The wine ferments slowly in summer, does almost nothing during winter and resumes fermentation in the spring. The result can be something of a lottery. Some wines are almost dry, with noticeable heat from alcohol of about 18 per cent. Other producers make very sweet wines of about 220 g/L of residual sugar and about 14 per cent alcohol.

Stephen Brook from Decanter writes that some people have likened Vin Santo to Sherry because of its oxidative tones, but he notes it is closer to Madeira because of its higher acidity. “Good examples of Vin Santo should be gold or bronze in colour, have aromas ranging from dried apricots to orange peel, honey and caramel, and should show considerable complexity on the palate, with flavours reflecting the aromas together with a velvety texture and clean acidity.”

Italy’s Vin Santo is not related to the Greek dessert wine Vinsanto, despite the similar name. I tasted a range of quality Vin Santo wines at Vinitaly (see photo below).

Vin Santo.jpgMany regions produce Vin Santo using grapes indigenous to that region. Some claim the style originated in Tuscany. In that region and parts of Umbria and Marche Vin Santo is typically made with a blend of Trebbiano Toscano (which adds honey flavours) and Malvasia Bianco (for perfumed notes). Other white regional grapes are added to the blend.

In Tuscany, Capezzana makes a Vin Santo de Carmignano from 90 per cent Trebbiano Toscano with the balance San Colombano. It looks and tastes like a sweet sherry. At the other end of the spectrum from the same region was a 1999 Vinsanto del Chianti by Farnito made with Trebbiano Toscano and Malvasia Bianco, aged in oak and chestnut caratelli for 16 years, and only released last year. It was full of Oriental spices.

Perhaps different versions of Vin Santo could be likened to one species of animal made unique because of isolation. The Farnito is a turtle from the Galapagos islands while the Capezzana is the same creature from somewhere in India. The 2002 Vin Santo de Montepulciano by Avignonesi in Tuscany was an incandescent joy. A turtle from Australia? Tuscans also make a red Vin Santo called Occhio de Pernice (“Eye of the Partridge”) mostly from Sangiovese and a red version of the Malvasia grape called Malvasia Nera.

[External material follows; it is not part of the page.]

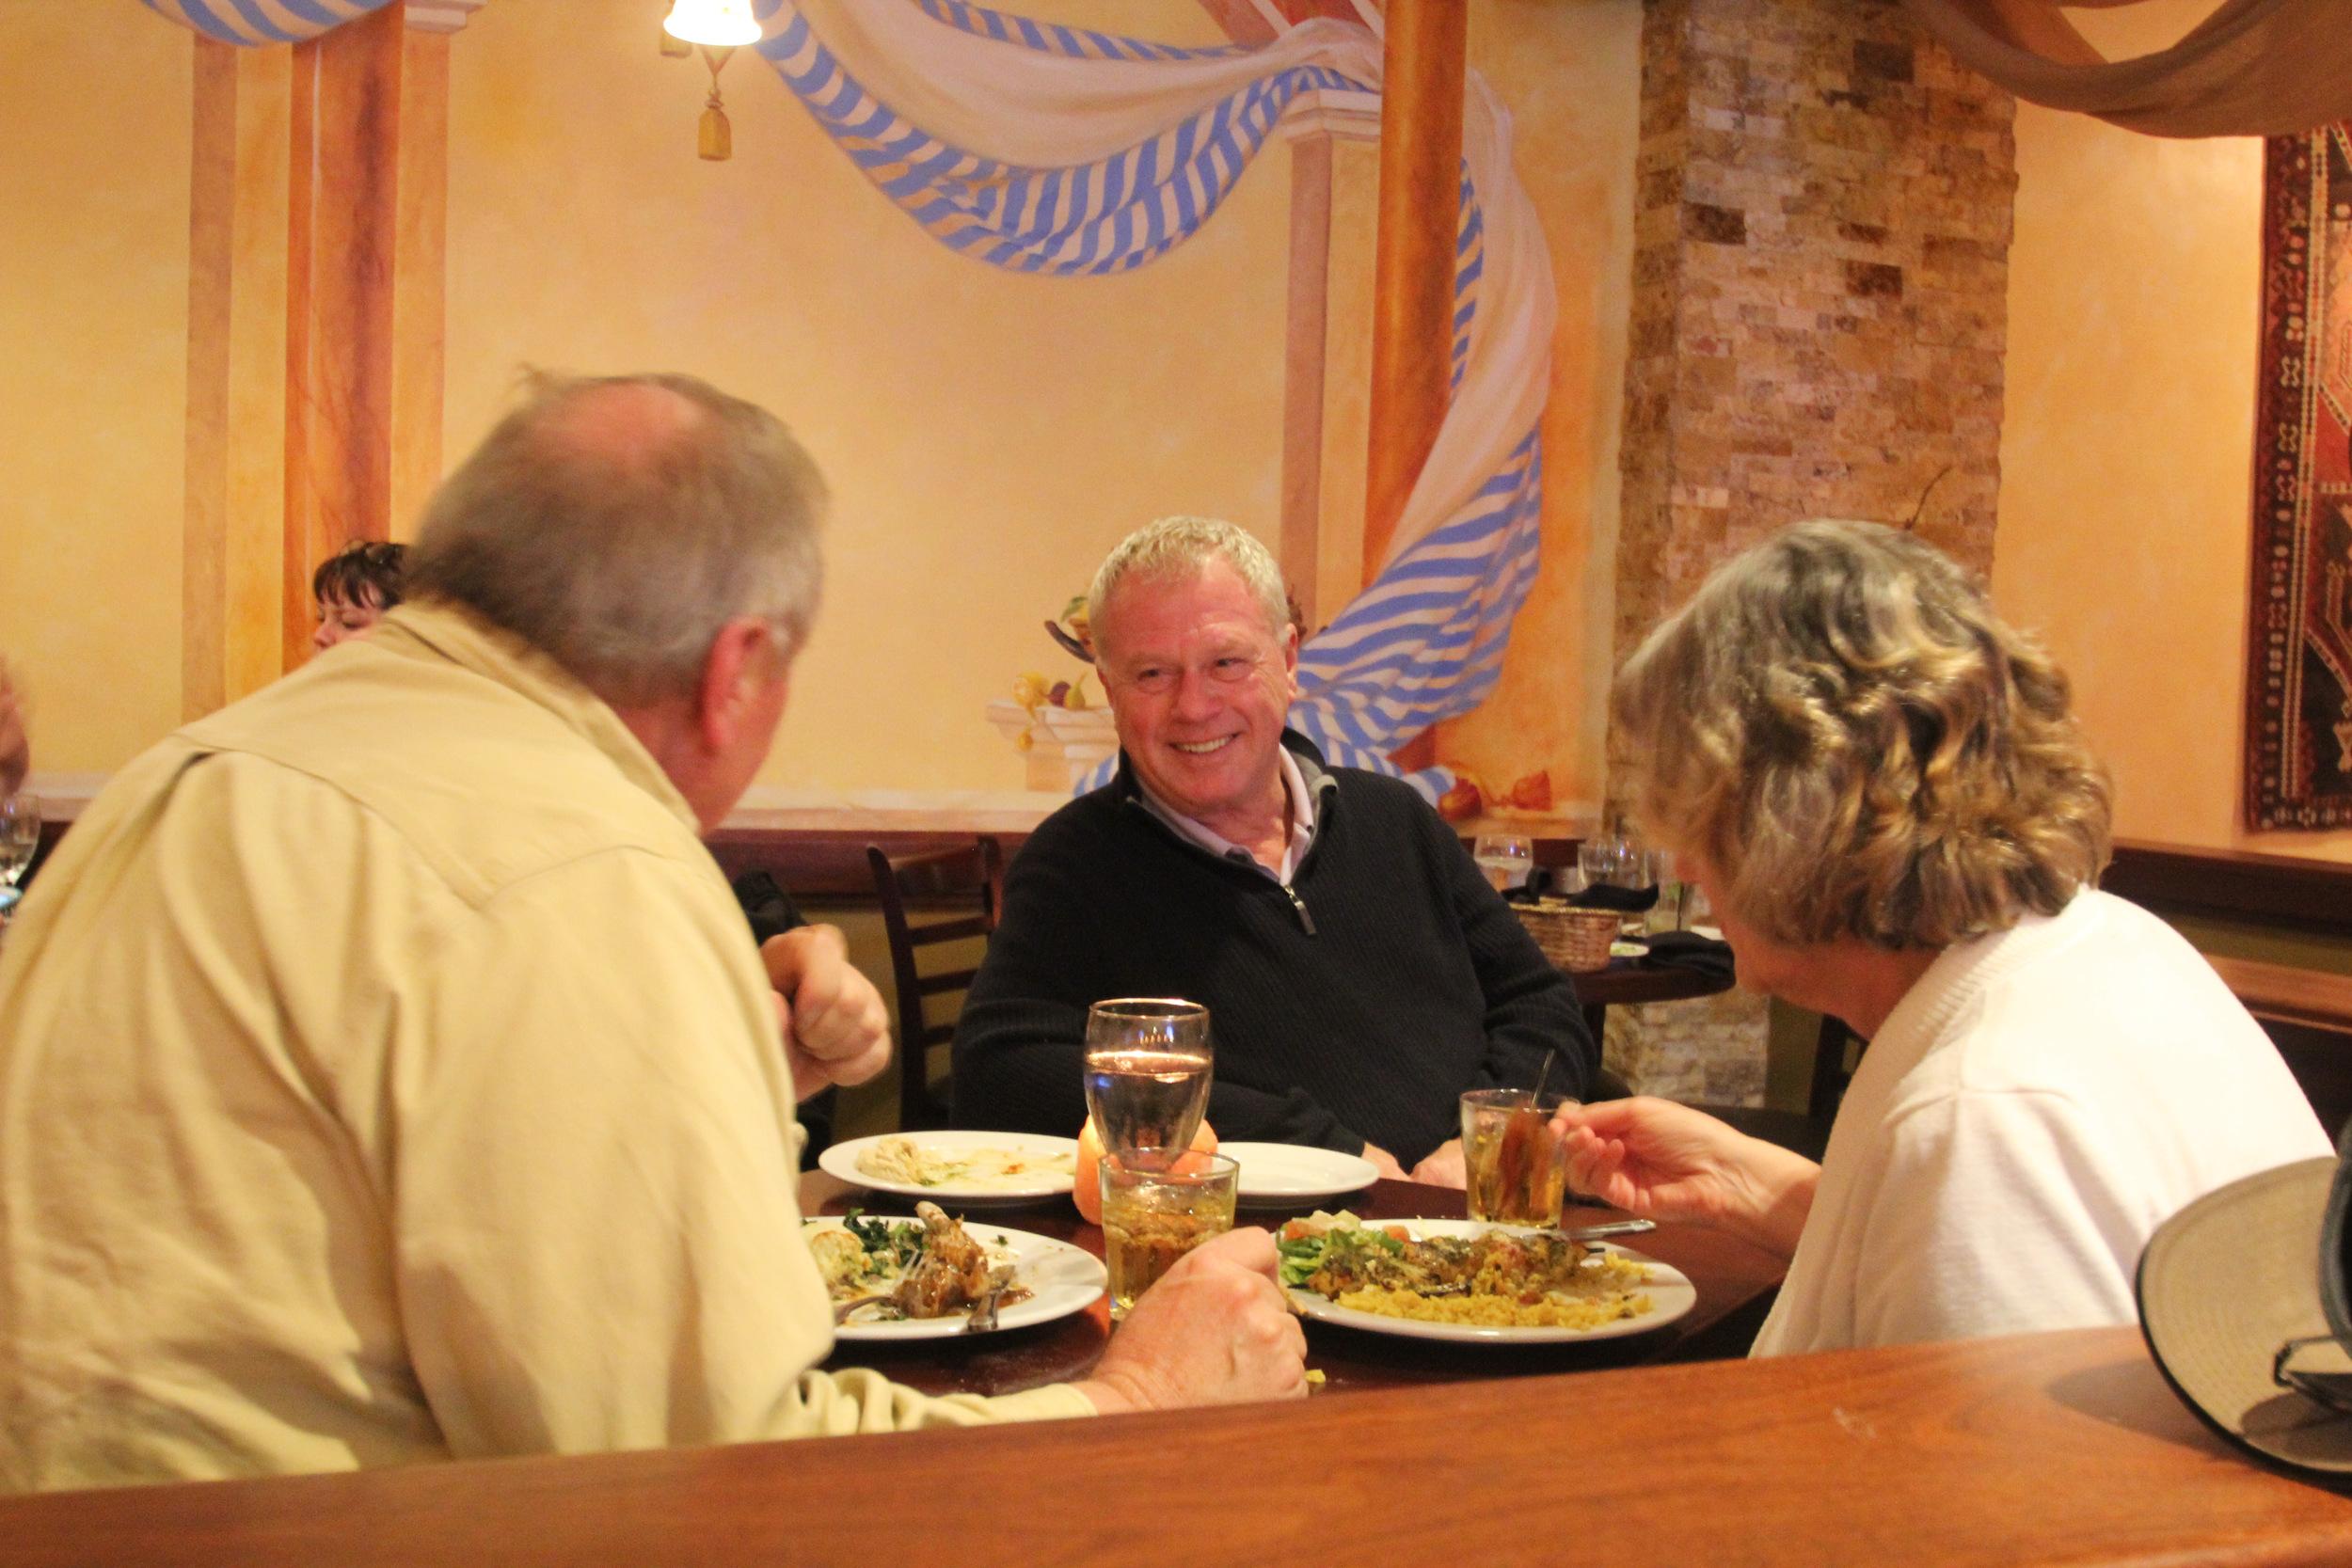 Our regulars enjoying their meal

In Veneto, the wine region of Gambellara makes a Vin Santo with Garganega, the grape of the Soave region. The DOCG wine known as Recioto di Gambellara is a classic. I tried a 2007 Menti Vin de Granaro which had the black colour of a classic Pedro Ximenez and smelled like toffee and fruit cake yet still had good acidity. It had been fermented and aged in 40-litre oak barrels for up to four years.

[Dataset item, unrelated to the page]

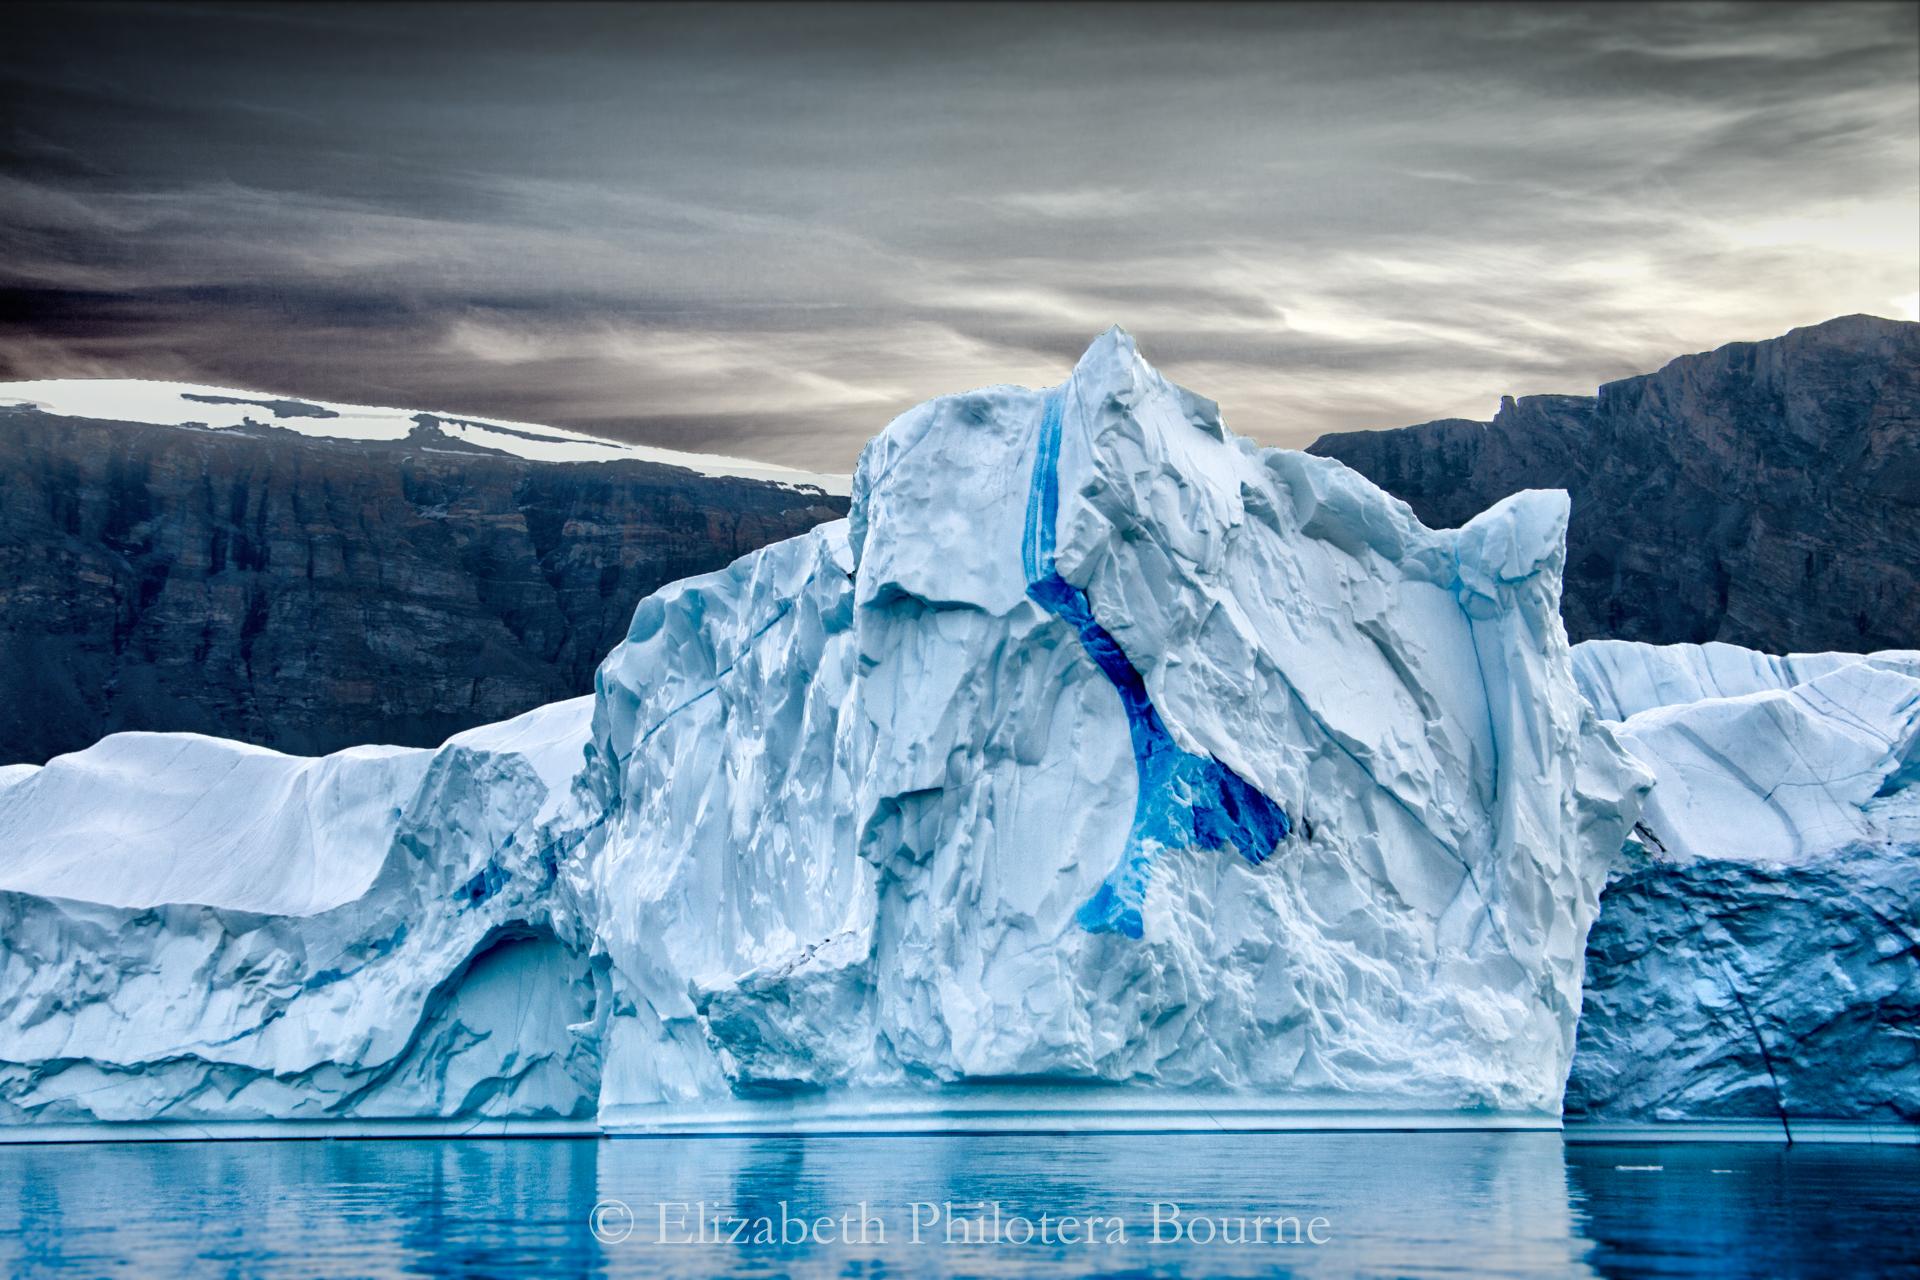 Blue iceber wit intense blue veining floating against dark rocky cliffs and gray sky

In Emilia-Romagna, Lusignani produce a Vin Santo di Vigoleno that has an almost saline nose yet tastes of candied orange peel. Locals use a traditional process that involves drying grapes until December 1 and then pressing three times to extract the juice. Wines are decanted each year into progressively smaller barrels and usually aged five years.

In Marche, locals make Vin Santo di Offida from the rare Passerina grape and in Lombardy the wine known as Lacrima di Morro d’Alba Passito comes from red grapes.

In Trentino, producers use the Nosiola grape in Vin Santo di Trentino. The 1983 vintage Vin Santo by Marco and Stefano Pisoni is superb. Think rich and nutty Christmas pudding with touches of soy sauce and tamarind. The wine is aged in small acacia barrels for five years. The estate has been biodynamic since 2011.

Perhaps the most unusual wine come from Valle de Tevere in Perugia, where it is known as “smoked Vin Santo”. Traditionally locals dried tobacco leaves in their kitchens and the smoky aromas permeated the wine stored in the houses. The region does not yet have an appellation. About 15 families make wine, mostly for home consumption. The one I tried, whose name I cannot remember, was like drinking smoky treacle. A wondrous experience.

Good Vin Santo is expensive. After drying, 100kg of grapes yield only 15 to 20 litres of must. The longer the drying period, the greater the concentration and sweetness, and the smaller the volume. With long barrel-ageing evaporation can be as high as 40 per cent.

Once you have tried a great Vin Santo you will look for more.